_YOUR OBJECTIVE_
Everything in the records below from the line containing "Chinese Vice-Premier Madame" through the line containing "8914353a627c56 Stance 傳奇嘻哈饒舌巨星Tupac" is to be reproduced exactly, those two lines included; no picture is to be copied.
** Opening ENTRIES PROVIDED block **
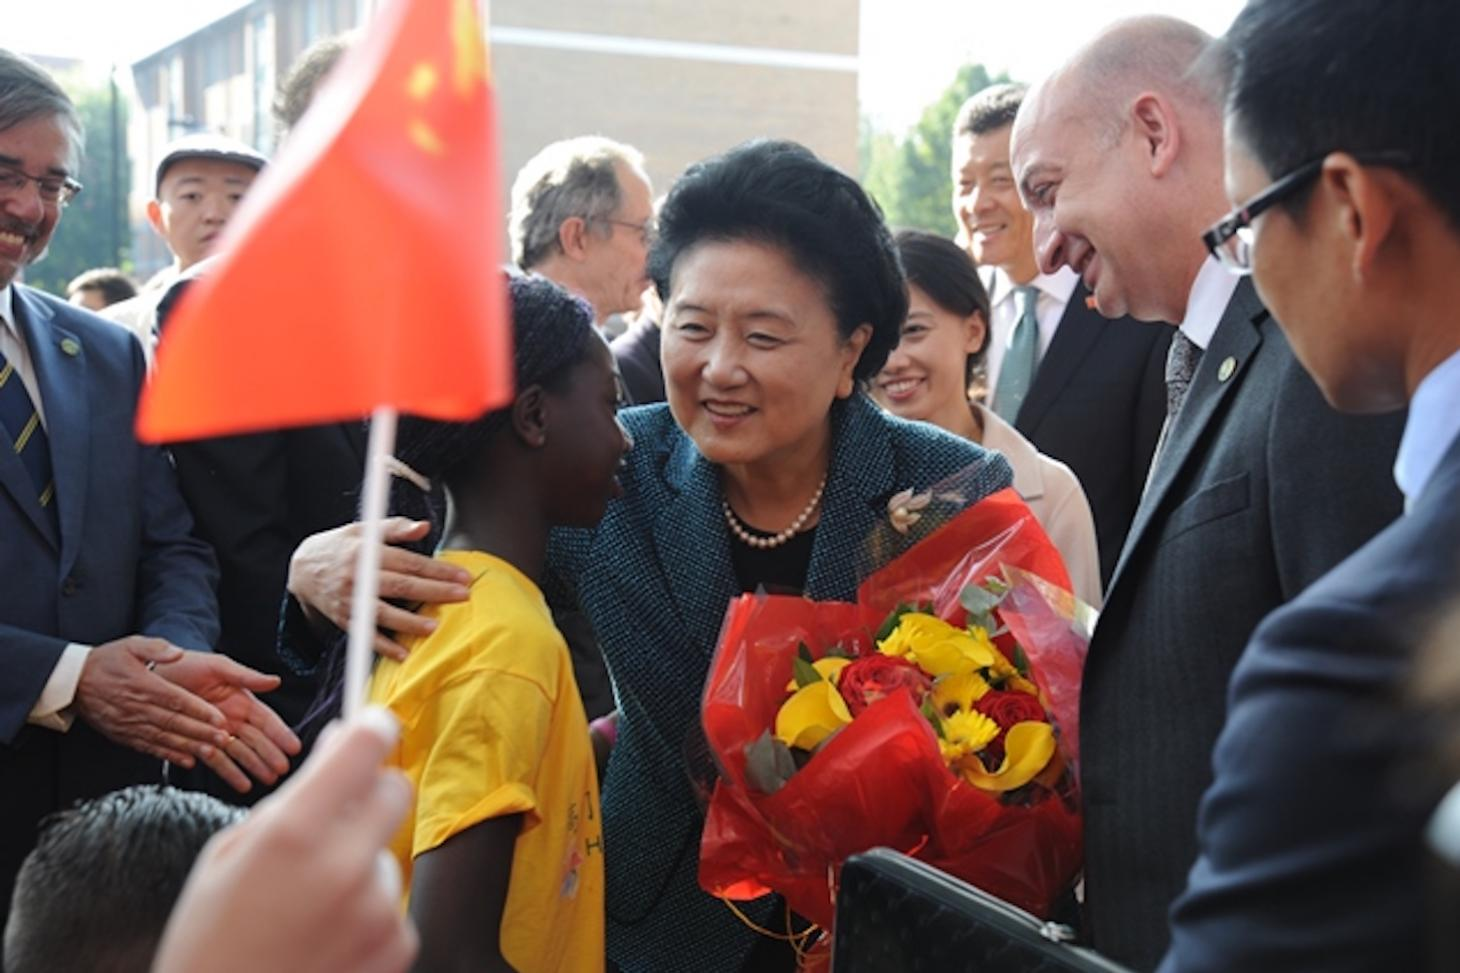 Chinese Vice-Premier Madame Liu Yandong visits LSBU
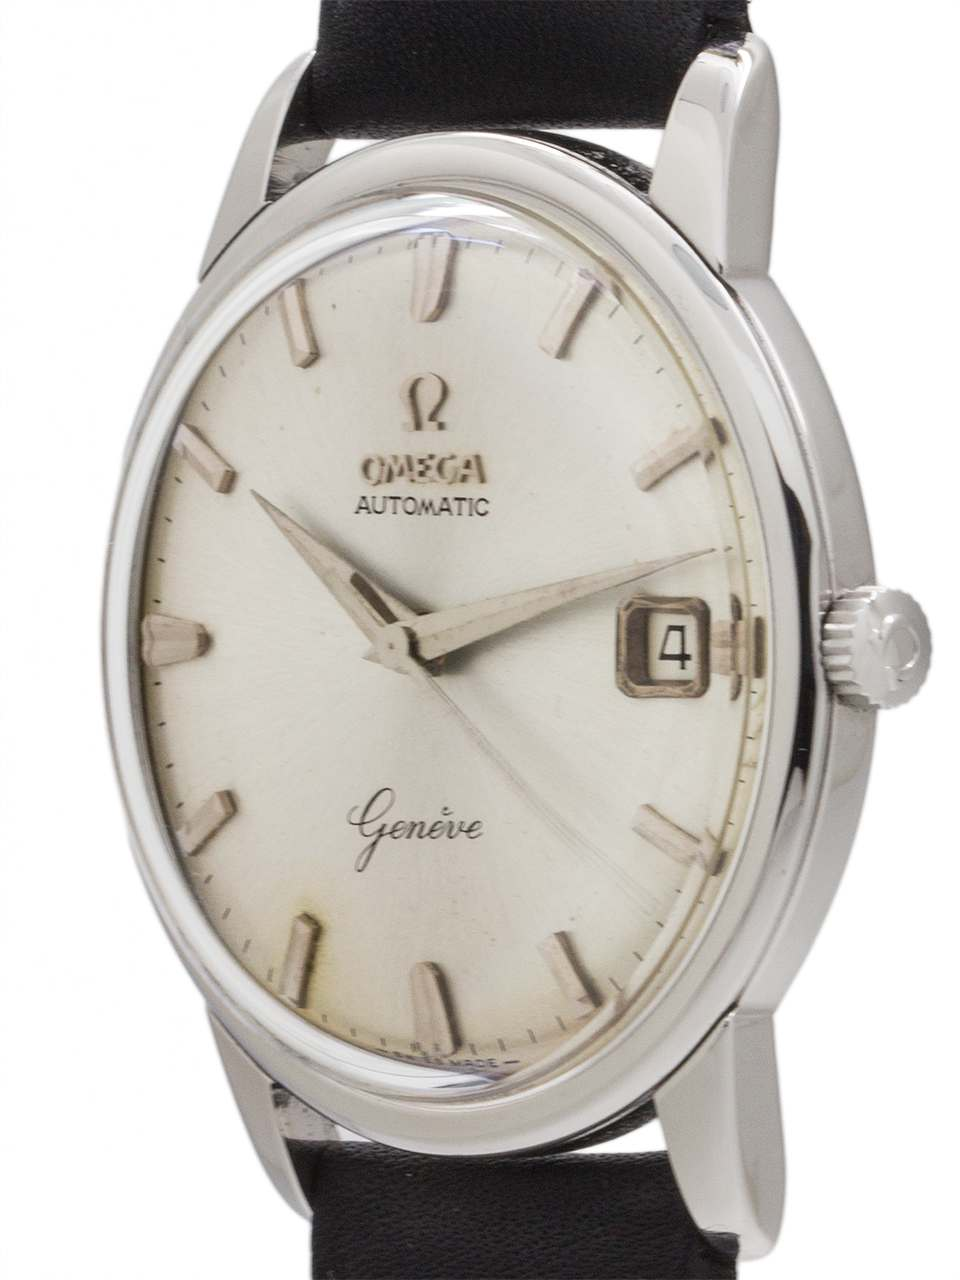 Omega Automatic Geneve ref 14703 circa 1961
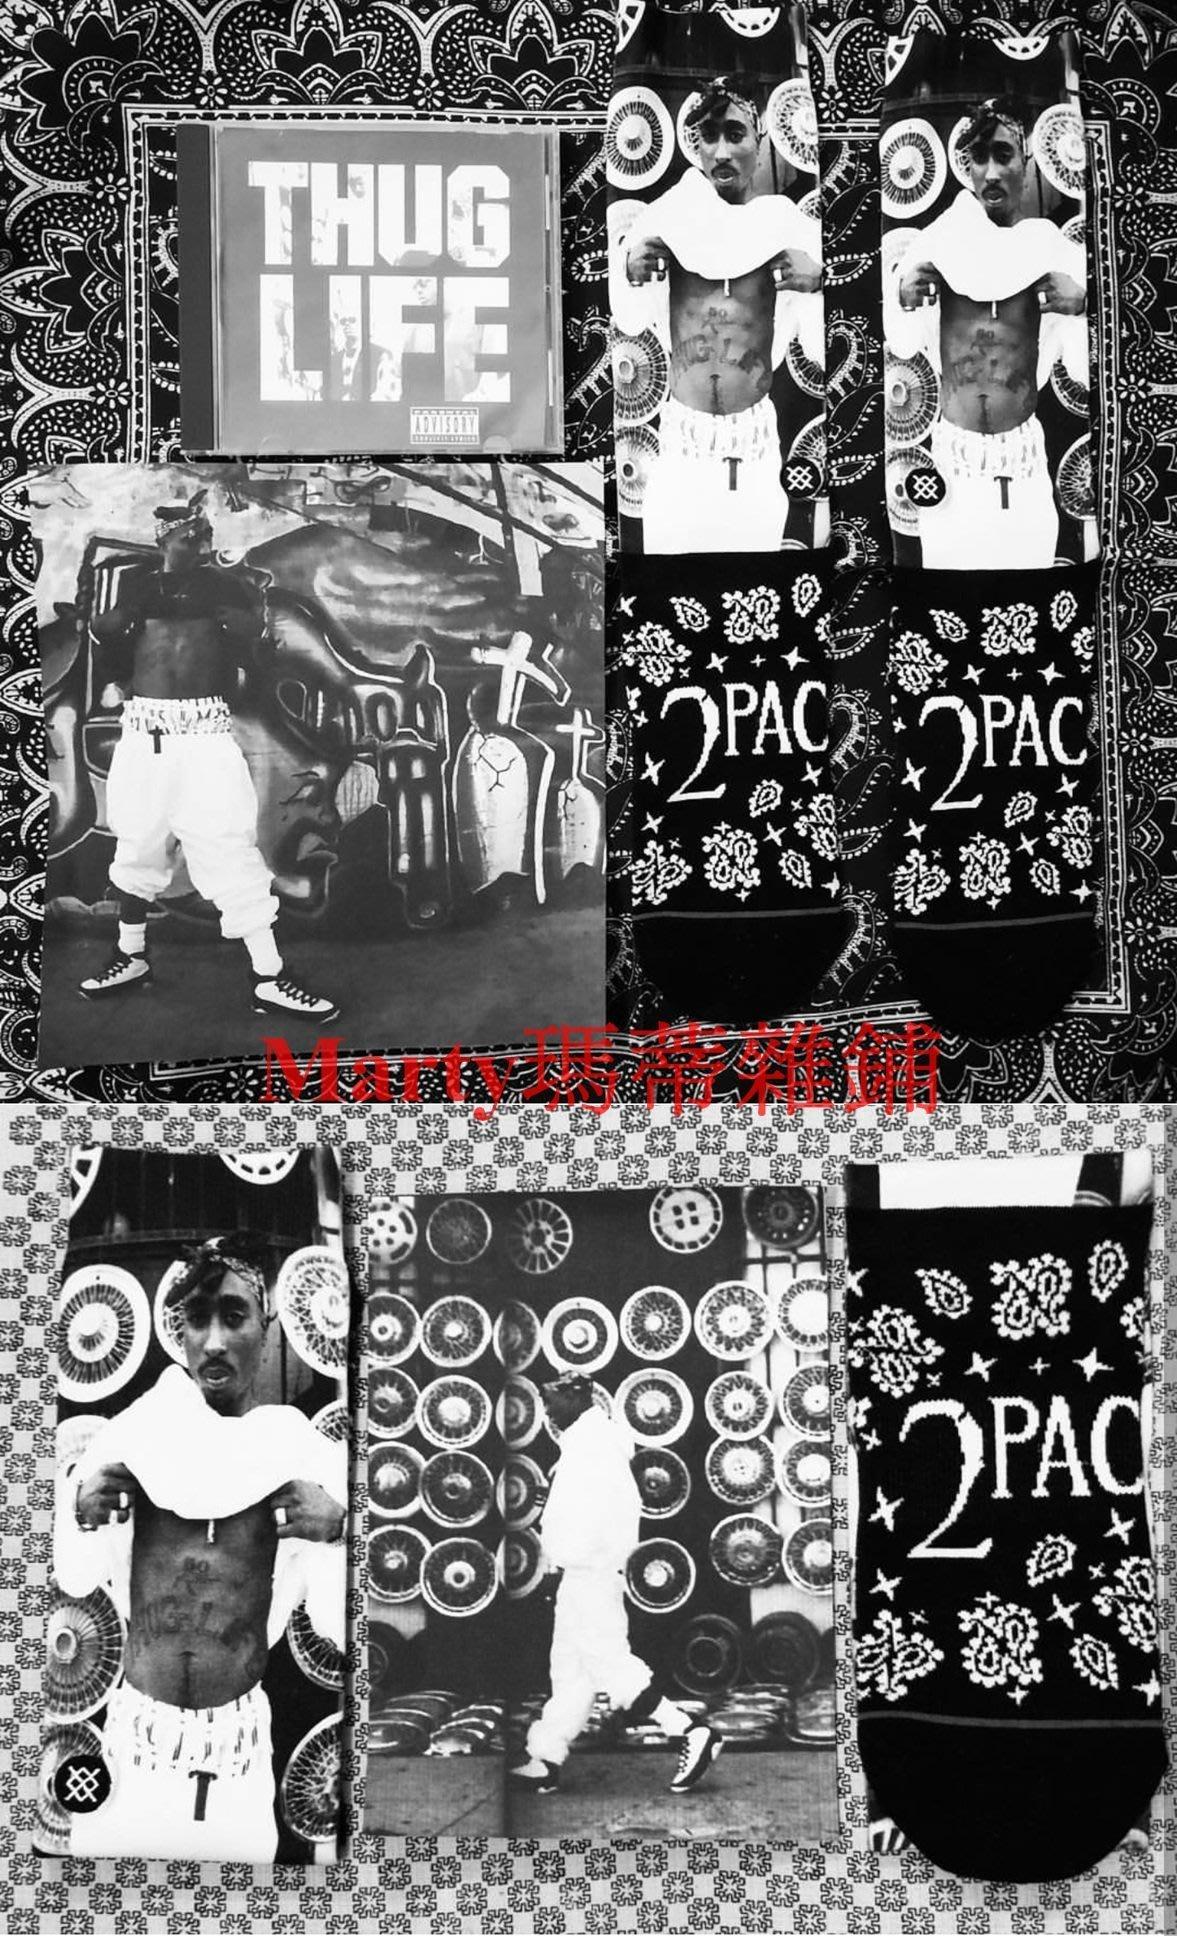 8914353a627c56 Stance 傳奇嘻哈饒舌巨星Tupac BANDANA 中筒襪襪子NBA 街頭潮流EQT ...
** Closing ENTRIES PROVIDED block **
** Opening ENTRIES PROVIDED block **
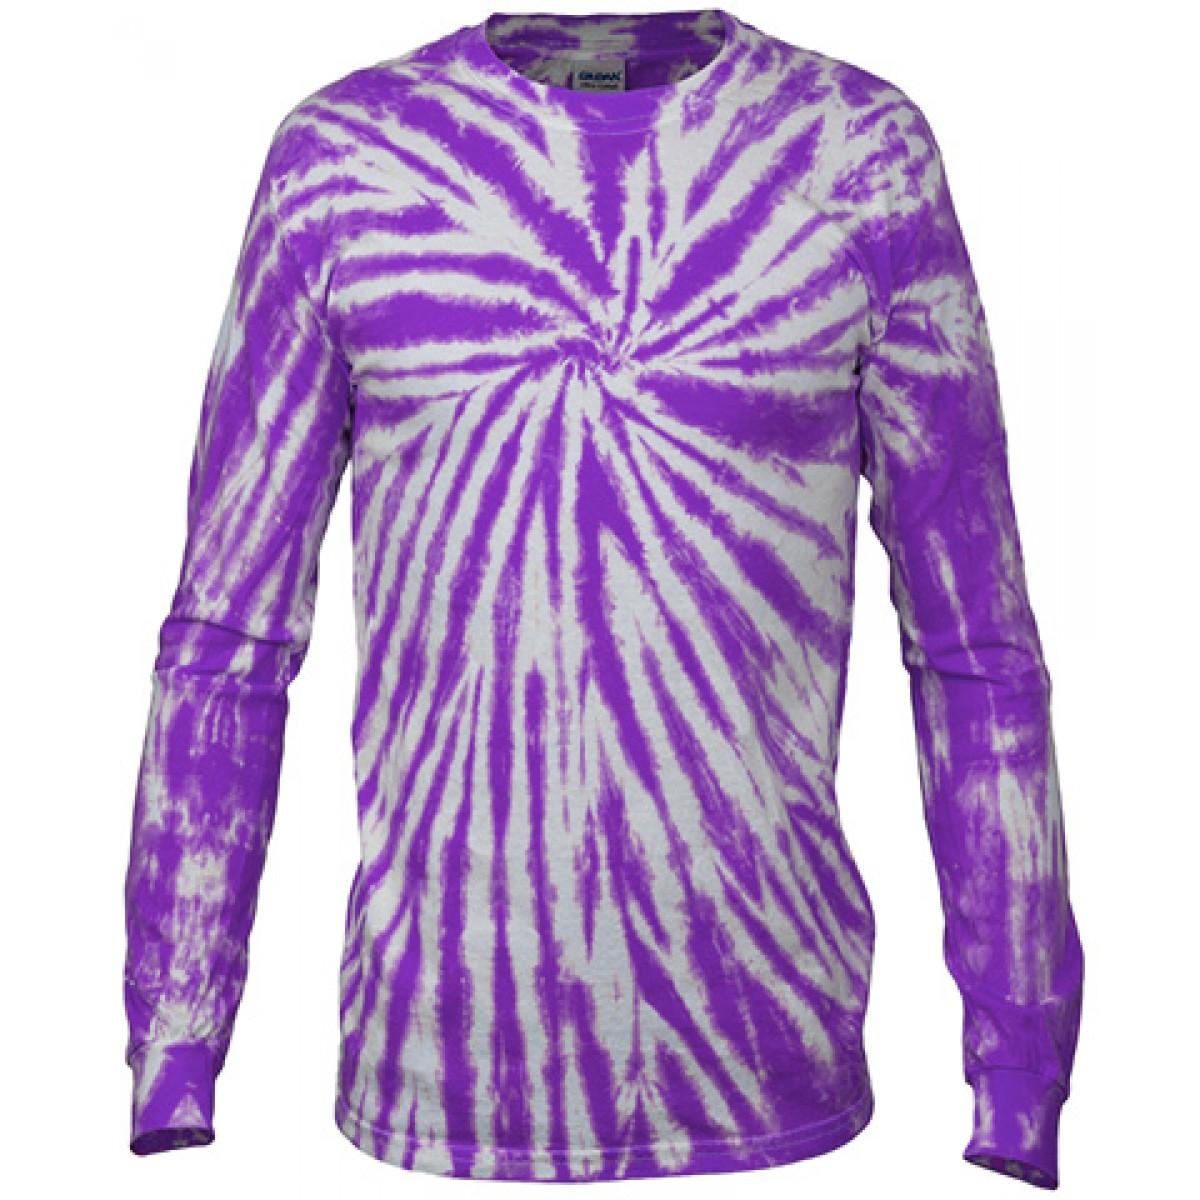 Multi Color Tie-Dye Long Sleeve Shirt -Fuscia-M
** Closing ENTRIES PROVIDED block **
_TASK SOLUTION_
 Chinese Vice-Premier Madame Liu Yandong visits LSBU
 Omega Automatic Geneve ref 14703 circa 1961
 8914353a627c56 Stance 傳奇嘻哈饒舌巨星Tupac BANDANA 中筒襪襪子NBA 街頭潮流EQT ...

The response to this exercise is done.